物流業界におけるデジタルトランスフォーメーション
課題と解決案を紹介

2020/10/15 RPA / DX LAB

デジタルトランスフォーメーション(DX)には変革の意味が込められていますが、物流業界におけるDXとはどのようなことを指すのでしょうか。今回は物流業界が抱える課題から、ドライバーの負担軽減にフォーカスしたDXの取り組み(解決案)として「動態管理システムの導入」へと記事内容を展開していきます。

従来主流とされていたSCMからS&OPの手法が注目されている中、現場レベルで対応できるDXの取り組みとは何か、という視点で記事を読み進めてみてください。

物流業界の課題

物流業界は東京オリンピックにともなうインフラ整備やEコマースの発展によって市場規模が拡大傾向にある中、「ドライバーへの負担増大」という課題を抱えています。業界全体では成長機会といえる流れになっていますが、現場で働く従業員の効率化は図れていないのが現状です。

また、ドライバーへの負担が増大している背景には以下の2つの問題が関係しています。

・ 小口配送の増加
・ ドライバー不足

従来の物流業界の中心はBtoBの大口配送にありましたが、Eコマースへと消費者の購買行動が移ろいでいく中で徐々に小口配送が増えていきました。小口配送が増えるということは「お届け先が増える」ということになります。したがって、積荷の量は大きく変化していないのに、荷物1つ当たりにかける時間は短縮化を余儀なくされる事態が起きているのです。

さらに追い打ちをかけるように、物流業界は恒常的なドライバー不足に悩まされています。人手不足は物流業界に限らず、日本のほとんどの企業が抱える課題であり、少子高齢社会に向けて既存の業務体制の変革が求められています。

物流業界におけるDXとは

物流業界におけるDXには、ドライバーの負担軽減を目的としたシステム導入が含まれるのはもちろんのこと、現場と経営層の意思決定を早めるS&OPの手法を取り入れた体制改革が求められます。とはいえ、既存の業務環境を一新するには現場で働く従業員・ドライバーの理解が必須となります。

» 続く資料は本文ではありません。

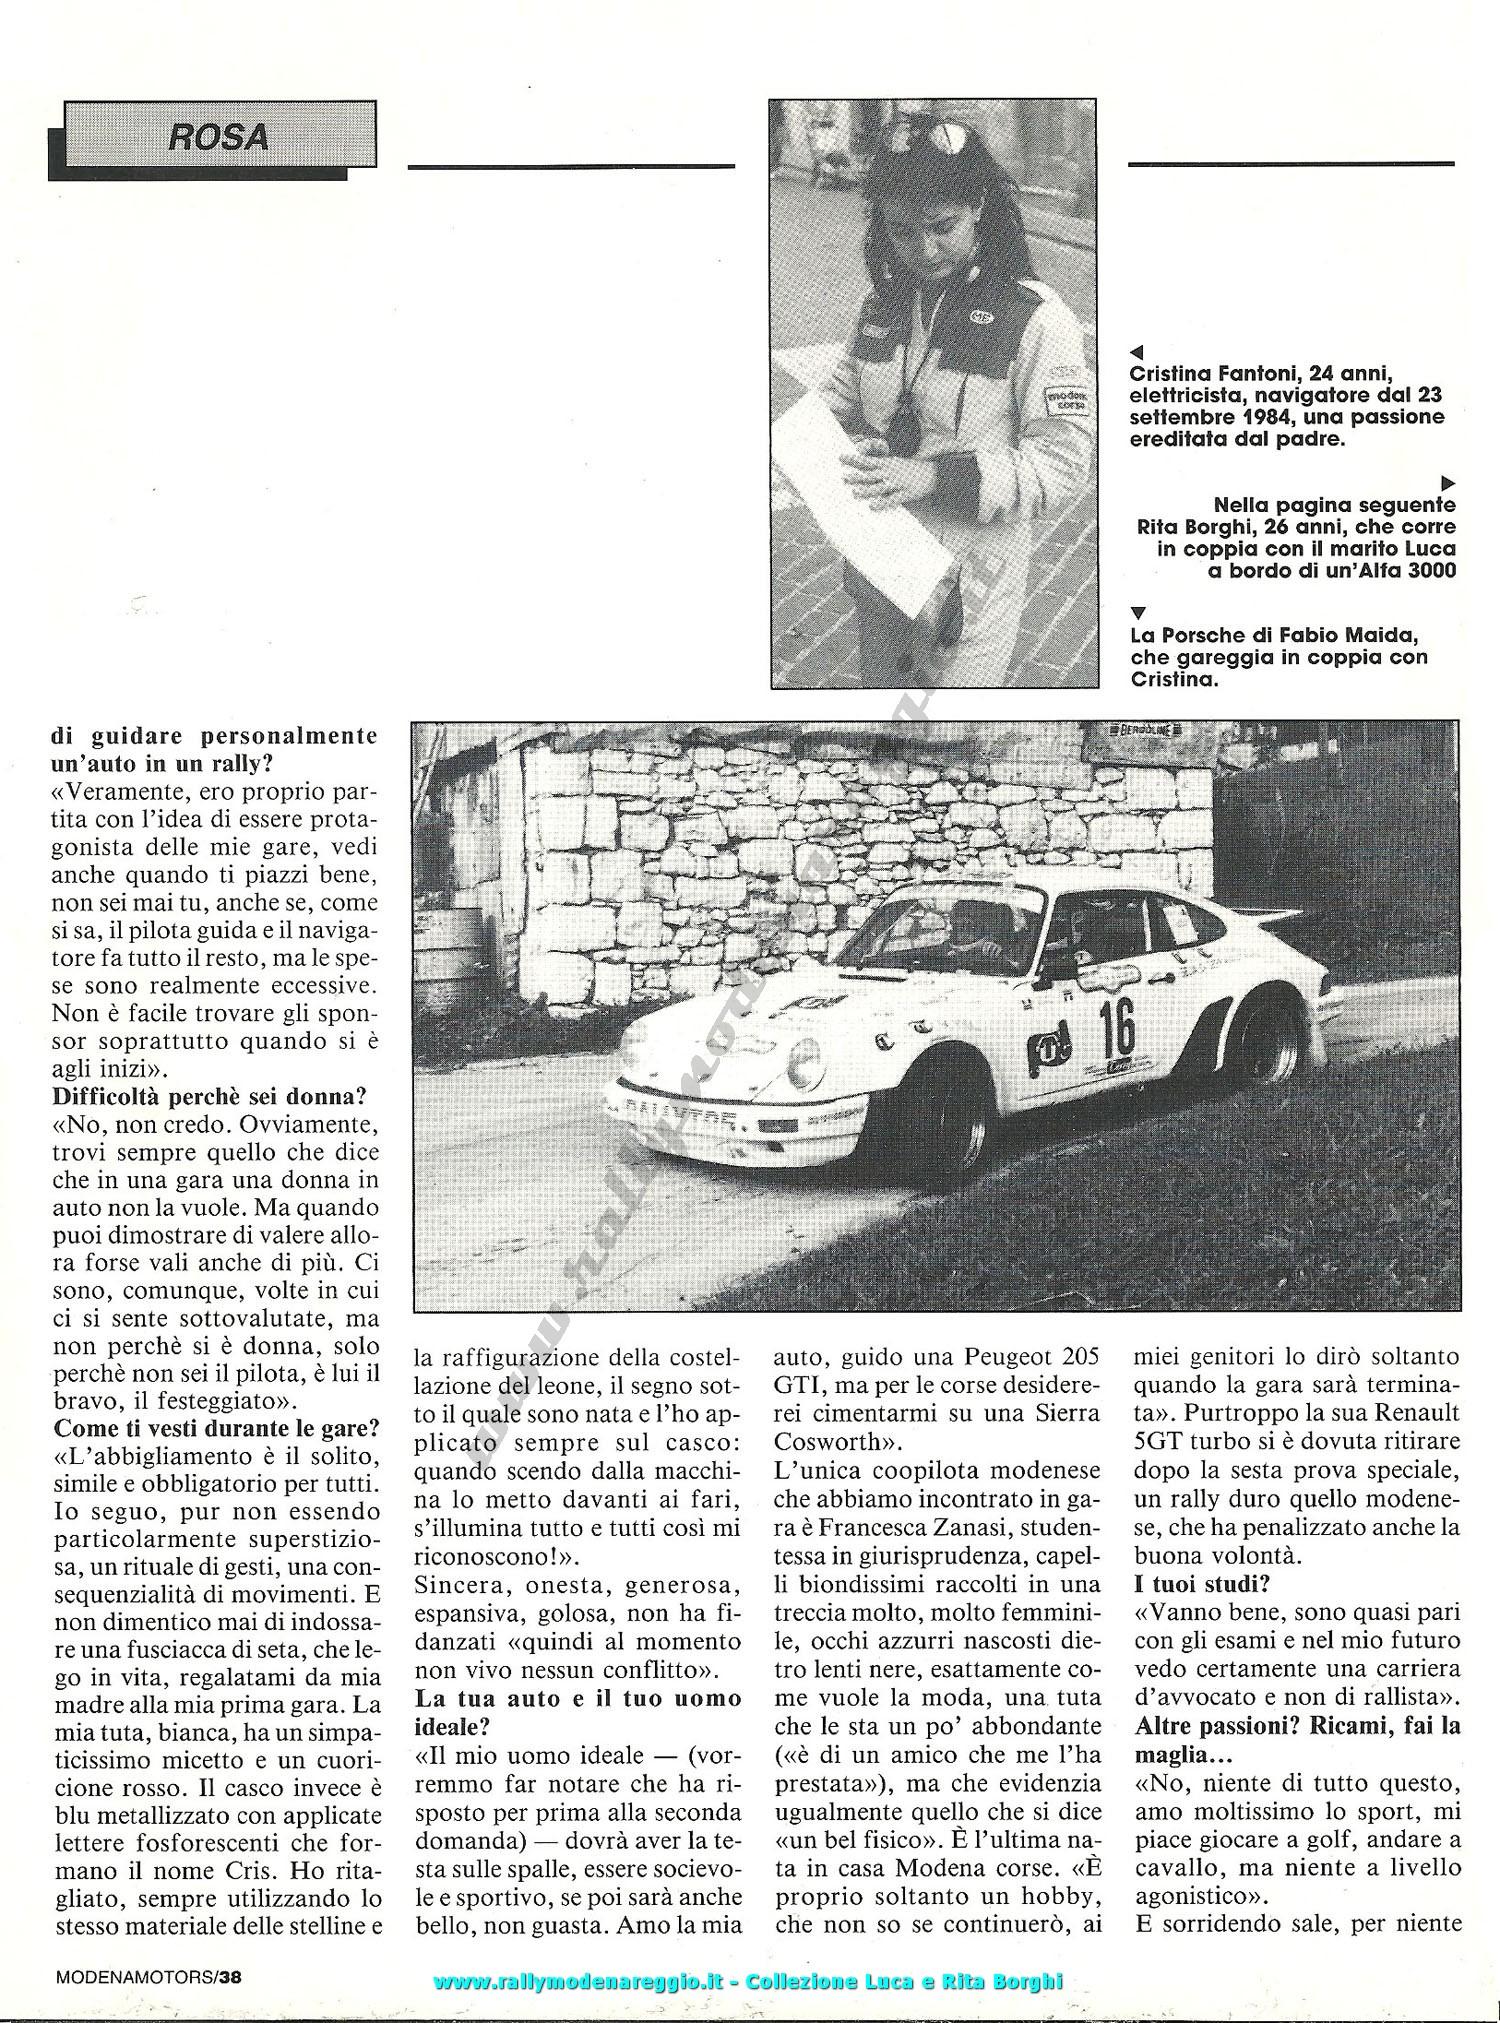 Modena motors c

したがって、物流業界におけるDXの取り組みのファーストステップは、既存の業務環境を大きく変えることなくDXの準備ができるものである必要があります。そこで注目したいのが「動態管理システムの導入」です。企業が動態管理システムを導入することで、車両の走行データを収集し、効率的な配送業務に必要なデータの出力、AIによるドライバーへの走行ルート提案などができるようになります。

動態管理システムを利用するメリット

企業が動態管理システムを導入することで、ドライバーには以下のようなメリットがあります。

・ ドライバーが最適ルートで走行可能
・ 運転日報作成の自動化
・ 事故を未然に防げる

配送業務を行うドライバーは、小口配送の増加などの理由から限られた時間で多くの荷物を運ぶ必要があります。こうした背景を踏まえると、動態管理システムの導入で可能な限り業務を効率化し、ドライバーの身体的・精神的負担を取り除くことは、結果的に業務品質の向上へとつながっていくと推測されます。

動態管理システムには「車両一覧表示機能」や「チャット機能」も搭載されているため、ドライバーと業務中にやり取りを行う回数が減り、労務管理コストの削減効果も期待できます。

ドライバーが最適ルートで走行可能

動態管理システムを導入することでGPSを活用した走行データを取得できるようになります。取得した走行データはAIによって「最適ルート案内」として各ドライバーへと伝達されます。雨の日の走行や普段と異なる道路状況での最適ルート案内にも対応しているため、時間に追われるドライバーの負担軽減が実現できるのです。

運転日報作成の自動化

動態管理システムには、ドライバーの運転日報作成を自動で出力してくれる機能も搭載されています。配送業務で日々忙しい中、運転日報を作成するのはドライバーの負担を増大させている一因かもしれません。走行データの自動集計によって運転日報作成の自動化ができれば、よりドライバーの労働環境は改善されることでしょう。

事故を未然に防げる

動態管理システムには急加速・急減速といった「危険運転を報告・記録する機能」が搭載されており、ドライバーの配送品質を数値化することができます。リアルタイムに走行状況を確認することで、営業者やトラックの事故を未然に防止するのに役立ちます。

まとめ

物流業界におけるDXは、動態管理システムの導入といった現場で働く従業員の労働環境を改善するところからスタートします。ドライバーとの電話連絡などのアナログ業務も「GPSを使った自動追跡」や「チャットを利用した業務連絡」に変えることで、ドライバーの負担軽減が期待できます。業界全体の変革を最終的な目標としながらも、まずは社内の業務体制の改革にフォーカスすることが重要です。